Pilgrimage in Kush

The Isis Temple at Philae

Isis Temple at Philae.
Painting of the Isis Temple at Philae. David Roberts, 1838. Wikimedia Commons.

The traditional boundary between Egypt and Nubia was at Aswan, where a series of islands and rapids called the 1st Cataract made boat travel difficult. At the southern end of the cataract is a small island called Philae. Philae was the site of a large temple to Isis, an Egyptian goddess also worshipped in Kush.

The Isis Temple at Philae had a close relationship with Kush. Its construction is attributed to King Taharqo (690–664 BCE), one of the rulers of the Kushite 25th Dynasty. Later, during the Ptolemaic period (332–30 BCE), the Greek kings who ruled Egypt rebuilt the temple on a monumental scale. This version of the temple faced south toward Kush and included chapels dedicated to the Kushite gods Arensnuphis and Mandulis. Some priests of this later Isis Temple were appointed by the kings of Kush.

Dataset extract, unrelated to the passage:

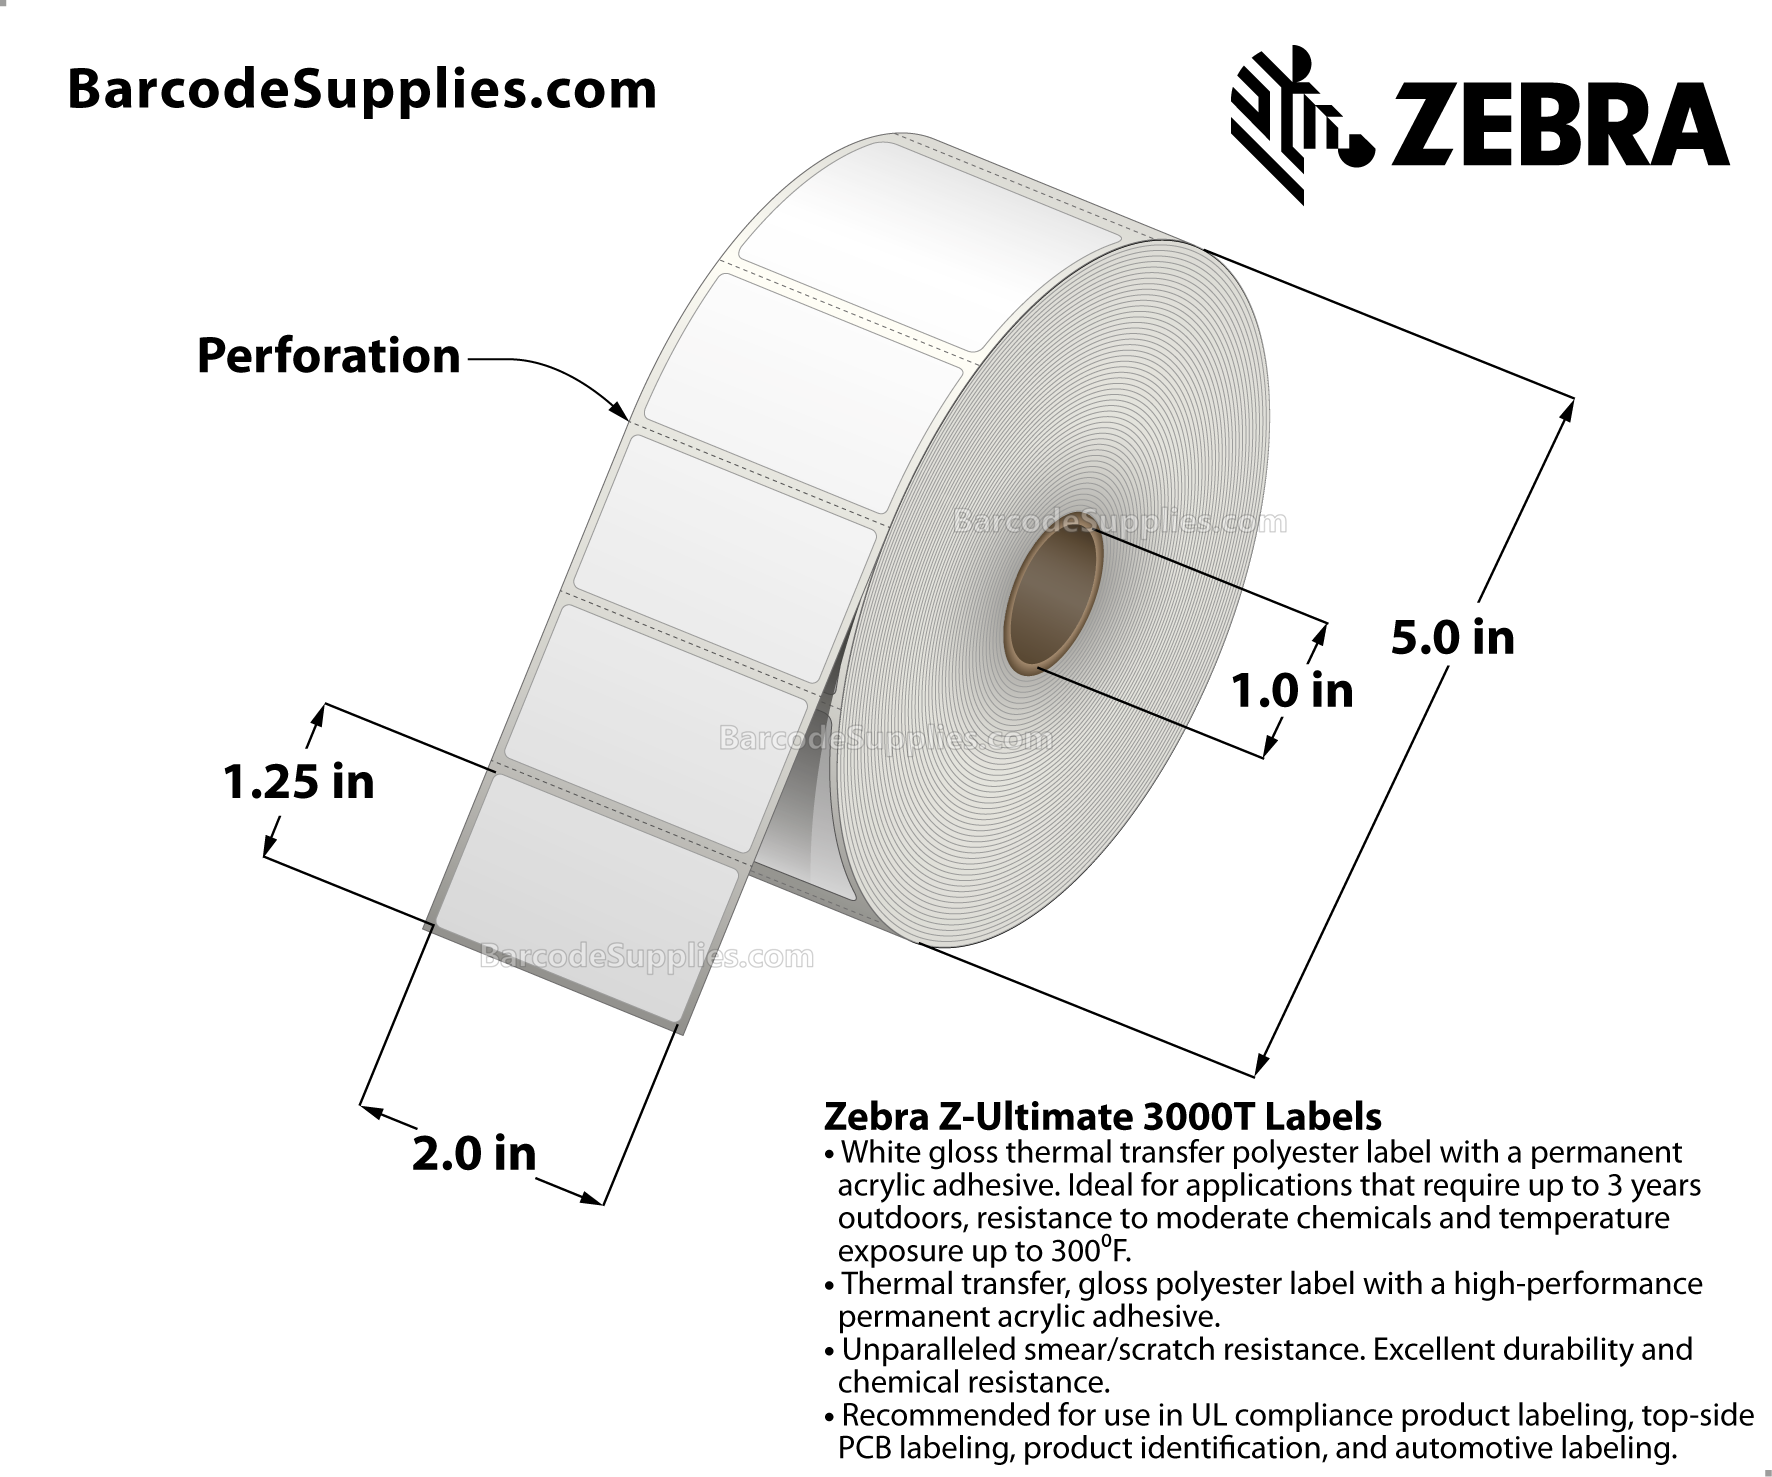 2 x 1.25 Thermal Transfer White Z-Ultimate 3000T Labels With Permanent Adhesive - Perforated - 2070 Labels Per Roll - Carton Of 8 Rolls - 16560 Labels Total - MPN: 18940

The temple was also a major pilgrimage center. It has more than 1,000 textual graffiti written in a variety of scripts, including the Meroitic script of later Kush. Some of these say that visitors had been sent by the king of Kush in Meroe, 725 kilometers (450 miles) to the south. There are also figural graffiti that include boats and footprints, symbolizing the journey from Meroe. Other images show human figures, animals, and offering tables.